**EXERCISE PROMPT:** In the entries that follow, find the line containing "khôi phục mật khẩu screentime của bạn", then output exactly every line from the first through that one.

**EXERCISE DATA:**

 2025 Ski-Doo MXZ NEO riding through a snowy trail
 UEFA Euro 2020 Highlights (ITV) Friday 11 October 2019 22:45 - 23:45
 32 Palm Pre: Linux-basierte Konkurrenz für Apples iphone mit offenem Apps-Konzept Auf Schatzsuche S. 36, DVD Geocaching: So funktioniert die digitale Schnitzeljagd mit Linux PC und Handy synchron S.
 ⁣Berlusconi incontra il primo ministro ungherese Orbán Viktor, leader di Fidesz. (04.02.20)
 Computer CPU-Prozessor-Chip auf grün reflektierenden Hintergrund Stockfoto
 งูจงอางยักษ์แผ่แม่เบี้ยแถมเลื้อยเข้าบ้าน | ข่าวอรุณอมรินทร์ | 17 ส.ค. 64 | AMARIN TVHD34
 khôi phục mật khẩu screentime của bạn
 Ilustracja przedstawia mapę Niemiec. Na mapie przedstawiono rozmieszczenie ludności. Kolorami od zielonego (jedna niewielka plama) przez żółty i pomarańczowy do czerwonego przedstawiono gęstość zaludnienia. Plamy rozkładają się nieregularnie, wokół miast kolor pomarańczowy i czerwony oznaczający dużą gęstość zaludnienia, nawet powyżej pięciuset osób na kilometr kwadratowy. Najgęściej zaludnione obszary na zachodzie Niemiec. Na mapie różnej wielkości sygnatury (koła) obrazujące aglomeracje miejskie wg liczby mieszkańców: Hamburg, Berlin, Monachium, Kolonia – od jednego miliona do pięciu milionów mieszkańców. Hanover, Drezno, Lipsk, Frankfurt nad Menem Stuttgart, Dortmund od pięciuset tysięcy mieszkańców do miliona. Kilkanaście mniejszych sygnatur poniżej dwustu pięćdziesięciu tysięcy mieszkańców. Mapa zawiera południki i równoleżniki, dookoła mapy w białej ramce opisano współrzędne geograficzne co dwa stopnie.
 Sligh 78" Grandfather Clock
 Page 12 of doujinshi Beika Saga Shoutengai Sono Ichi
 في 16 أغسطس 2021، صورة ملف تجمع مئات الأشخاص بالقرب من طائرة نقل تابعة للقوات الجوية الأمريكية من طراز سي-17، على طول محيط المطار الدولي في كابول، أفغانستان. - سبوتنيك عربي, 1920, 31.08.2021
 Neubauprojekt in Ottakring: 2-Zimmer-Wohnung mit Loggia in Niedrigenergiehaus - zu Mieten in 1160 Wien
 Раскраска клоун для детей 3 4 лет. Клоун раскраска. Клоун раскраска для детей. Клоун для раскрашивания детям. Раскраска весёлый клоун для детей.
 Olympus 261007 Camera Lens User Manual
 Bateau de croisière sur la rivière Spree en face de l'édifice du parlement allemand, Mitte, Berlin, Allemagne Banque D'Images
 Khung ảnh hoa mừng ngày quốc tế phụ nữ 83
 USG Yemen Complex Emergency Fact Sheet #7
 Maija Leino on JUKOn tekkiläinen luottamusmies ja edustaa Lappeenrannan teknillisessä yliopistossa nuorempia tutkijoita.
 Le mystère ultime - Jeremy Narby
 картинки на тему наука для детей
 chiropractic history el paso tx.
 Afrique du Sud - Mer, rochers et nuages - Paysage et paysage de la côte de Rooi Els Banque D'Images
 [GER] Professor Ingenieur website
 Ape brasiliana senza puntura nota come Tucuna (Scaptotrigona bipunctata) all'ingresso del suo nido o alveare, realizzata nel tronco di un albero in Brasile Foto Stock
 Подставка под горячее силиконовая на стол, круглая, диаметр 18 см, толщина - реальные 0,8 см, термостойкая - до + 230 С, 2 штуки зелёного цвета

**ANSWER:**
 2025 Ski-Doo MXZ NEO riding through a snowy trail
 UEFA Euro 2020 Highlights (ITV) Friday 11 October 2019 22:45 - 23:45
 32 Palm Pre: Linux-basierte Konkurrenz für Apples iphone mit offenem Apps-Konzept Auf Schatzsuche S. 36, DVD Geocaching: So funktioniert die digitale Schnitzeljagd mit Linux PC und Handy synchron S.
 ⁣Berlusconi incontra il primo ministro ungherese Orbán Viktor, leader di Fidesz. (04.02.20)
 Computer CPU-Prozessor-Chip auf grün reflektierenden Hintergrund Stockfoto
 งูจงอางยักษ์แผ่แม่เบี้ยแถมเลื้อยเข้าบ้าน | ข่าวอรุณอมรินทร์ | 17 ส.ค. 64 | AMARIN TVHD34
 khôi phục mật khẩu screentime của bạn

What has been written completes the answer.